Now let us load all the required libraries and the Iris dataset.

import pandas as pd
import numpy as np
import matplotlib.pyplot as plt

from perceptron import Perceptron
from matplotlib.colors import ListedColormap

# 0.1 = learning rate , 10 = epochs
pn = Perceptron(0.001, 10)

df = pd.read_csv('https://archive.ics.uci.edu/ml/machine-learning-databases/iris/iris.data', header=None)

On running df.head() the first 5 rows of the dataset can be visualised. Let us the redefine the target column to make it a binary classification problem. We will be subsetting the first 100 data points as our new dataframe because on careful observation it can be found that the last 50 rows belong to the class “virginica”. After this we will need to label encode the target column so that it is perceivable by the perceptron. Versicolor is represented by 1 and Setosa by -1. Any combination of 2 integer values can be used.

# defining the target variable with only 2 classes
labels = df.iloc[0:100, 4].values
# 1 (Versicolor) and -1 (Setosa)
labels = np.where(labels == 'Iris-setosa', -1, 1)

We will now define the feature column.
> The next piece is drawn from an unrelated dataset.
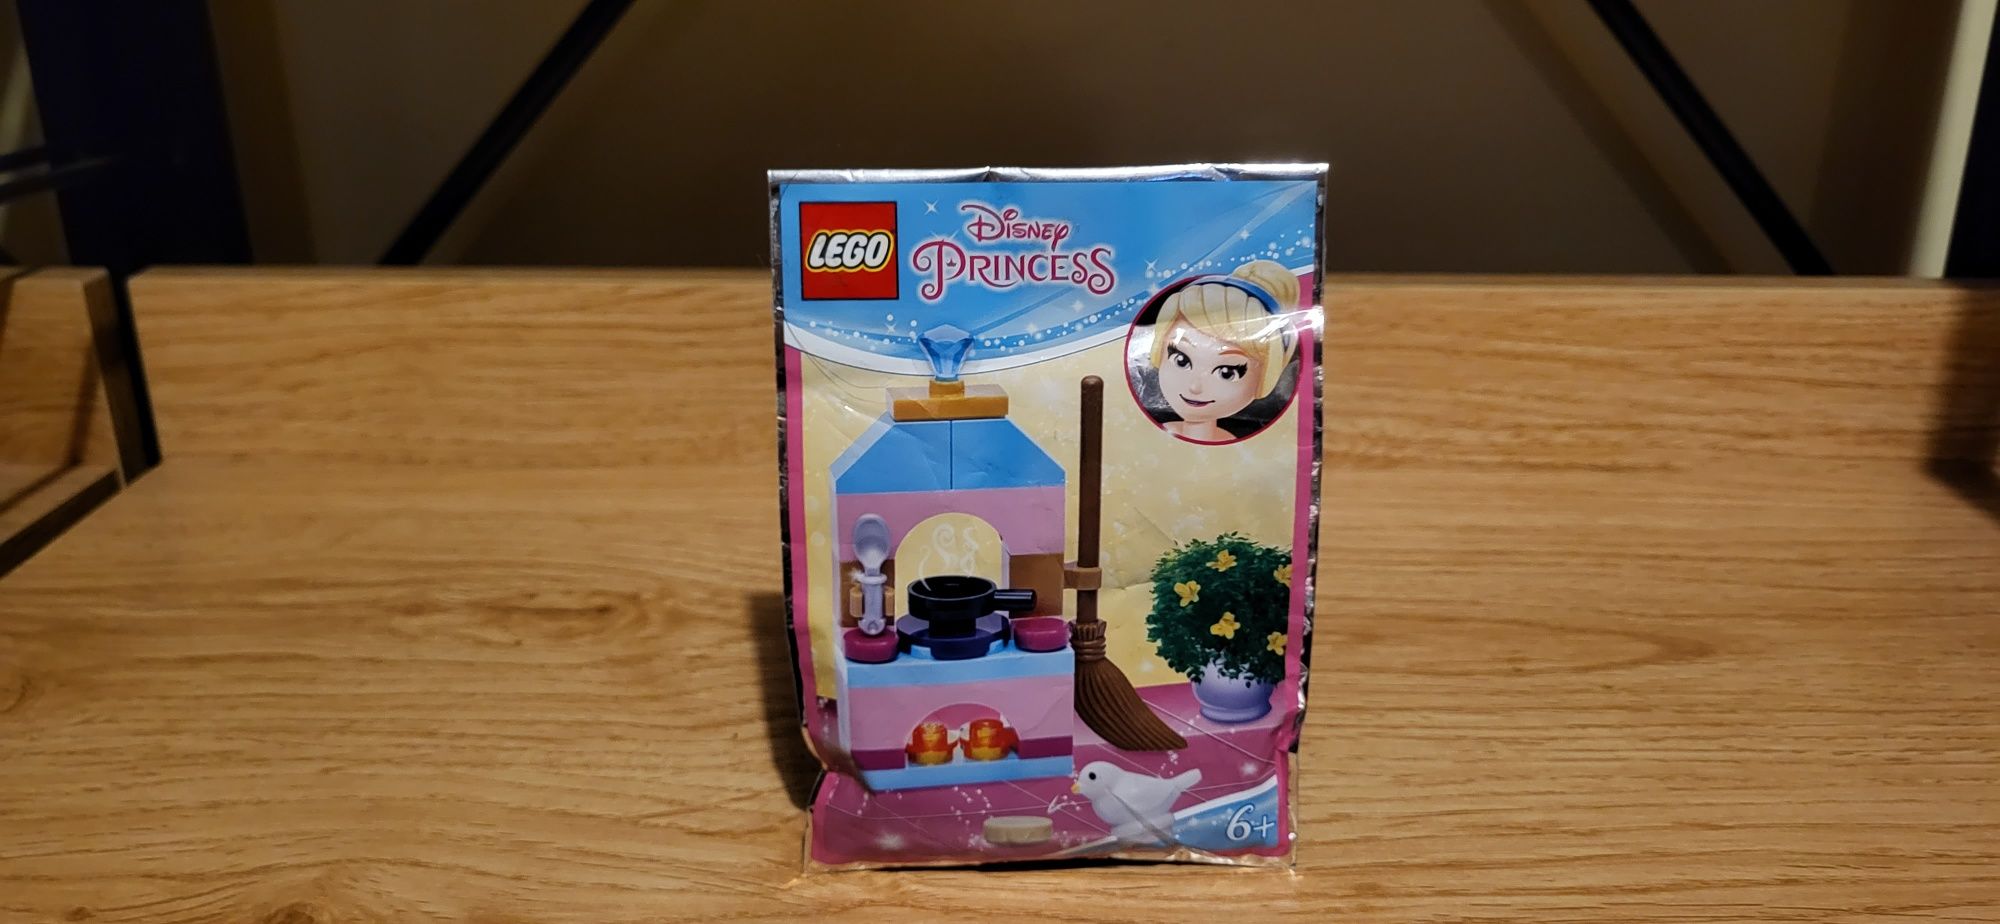 Lego disney Princess 302103 Kuchnia Kopciuszka saszetka z klockami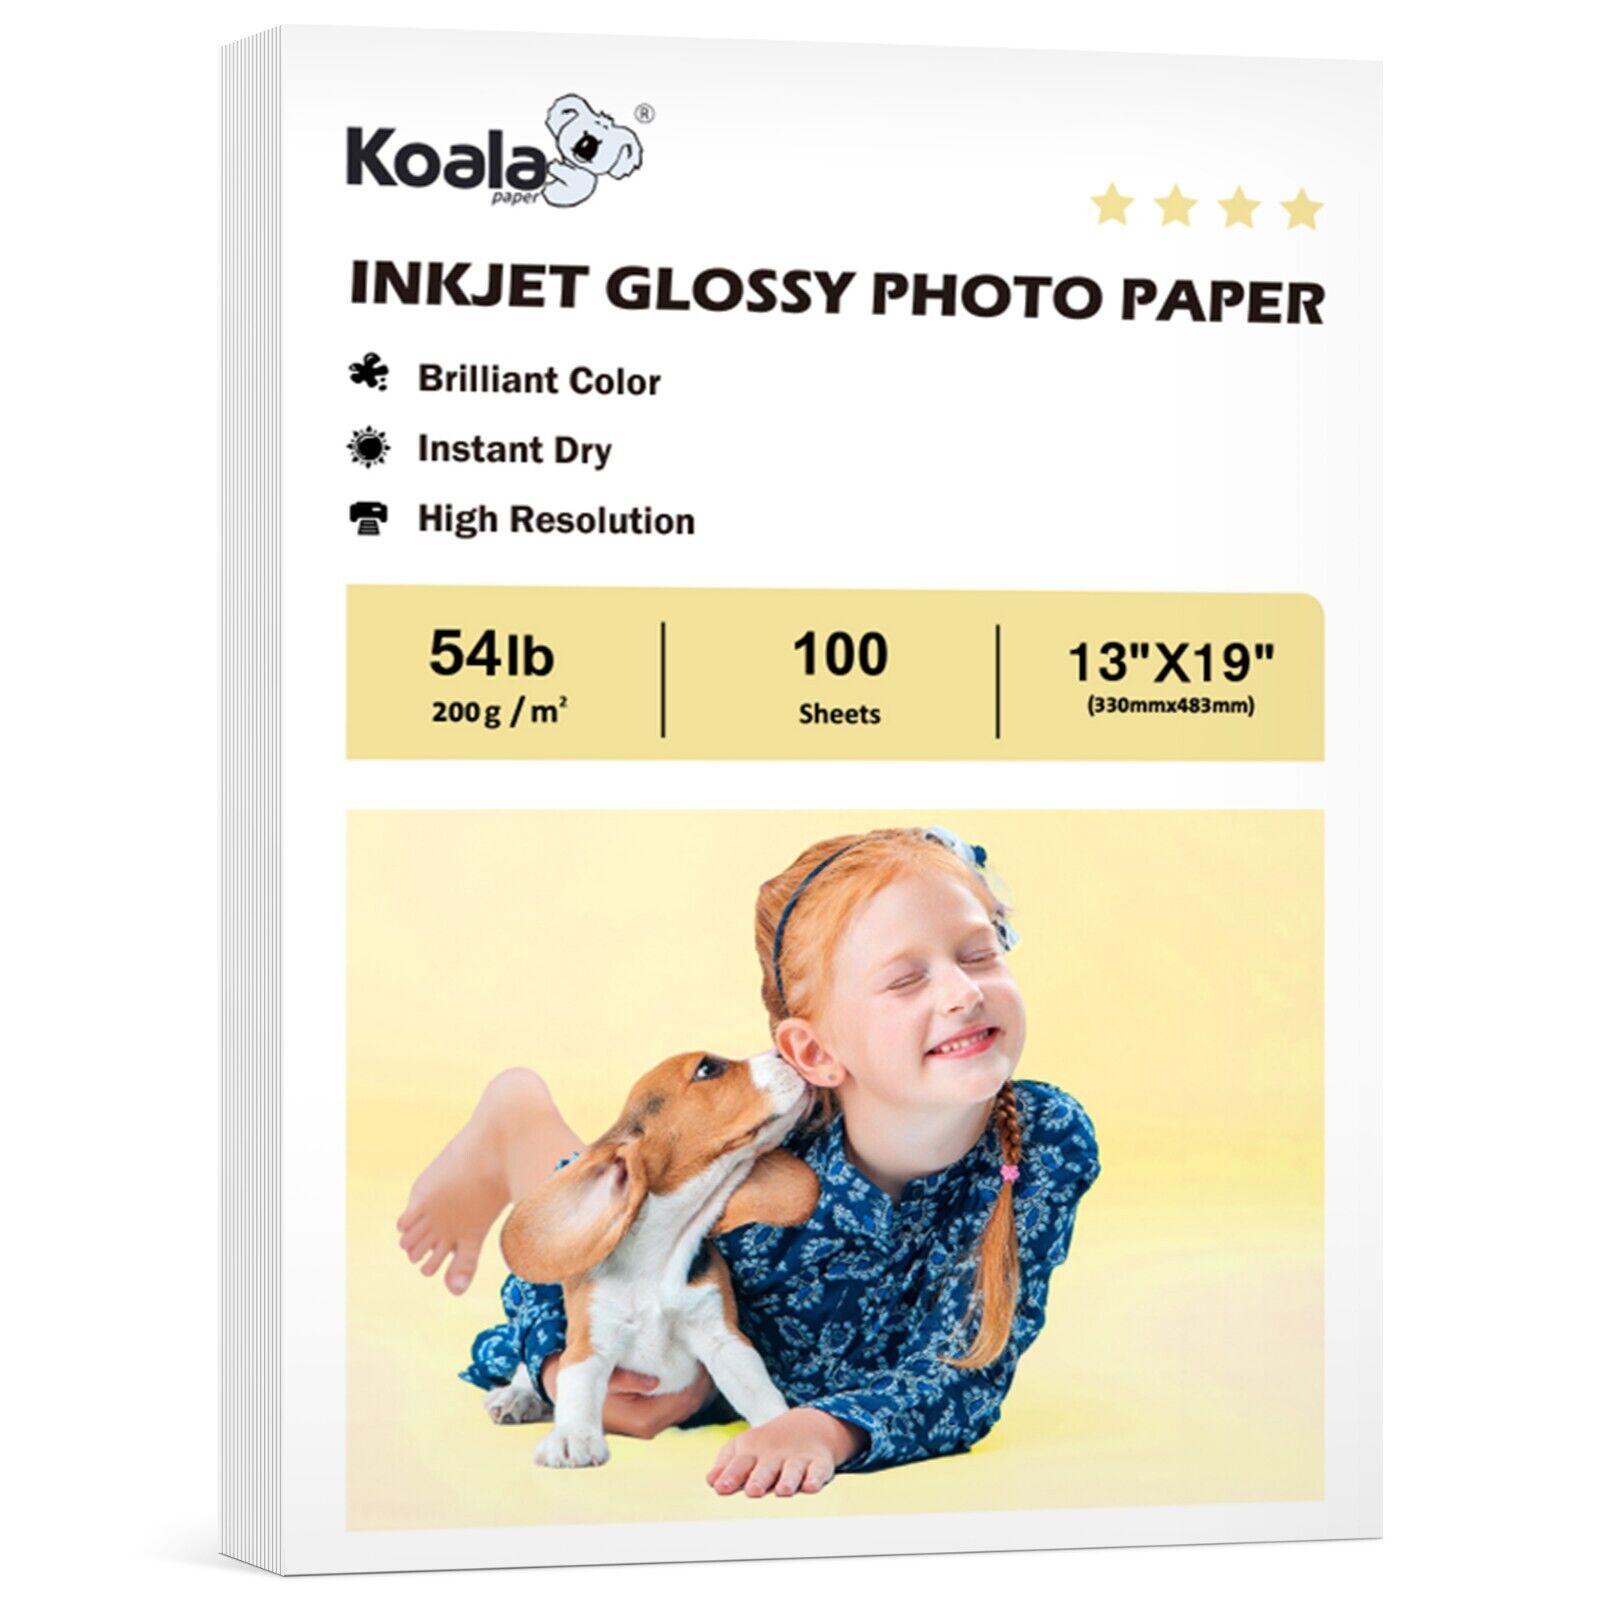 Koala Premium Glossy Photo Paper 54lb 13x19 Thick for Inkjet Printer Epson Canon

To do this we will create 3 groups of features such that all possible combination of 3 out of 4 are covered.

# defining feature columns
# feature1 has 1st 3 features
feature1 = df.iloc[0:100, [0,1,2]].values
# feature2 has 2nd 3 features
feature2 = df.iloc[0:100, [1,2,3]].values
# feature3 has last 2 and 1st features
feature3 = df.iloc[0:100, [2,3,0]].values

# different feature sets (feature1, feature2, feature3) will be used to identify which 3 combination of features gives the best result

Training the perceptron with defined learning rate and epochs on all the 3 feature sets and plotting the misclassifications for every epoch.

# training the perceptron model on feature1
pn.fit(feature1, labels)
# y coordinates
print("Number of misclassifications per epoch: ",pn.errors)
# plotting training graph
plt.plot(range(1, len(pn.errors) + 1), pn.errors, marker='o')
plt.xlabel('Epochs')
plt.ylabel('Number of misclassifications')
plt.title("FEATURE SET 1")
plt.show()

The result for the 3 feature sets are as follows:


Change in number of misclassifications as the perceptron fits the data for every epoch with the information from feature set 1.

Change in number of misclassifications as the perceptron fits the data for every epoch with the information from feature set 2.

Change in number of misclassifications as the perceptron fits the data for every epoch with the information from feature set 3.

Observation

From the above 3 plots we can infer that when we have:

  • feature set 1 (sepal length, sepal width and petal legth), the perceptrons learns the distribution at epoch number 6.
  • feature set 2 (sepal width, petal legth and petal width), the perceptrons learns the distribution at epoch number 4.
  • feature set 2 (petal legth, petal width and sepal length), the perceptrons learns the distribution at epoch number 5.

Conclusion

From this we can conclude that the combination of sepal width, petal legth and petal width out of the 4 features is enough to train the simple perceptron on binary classification problem.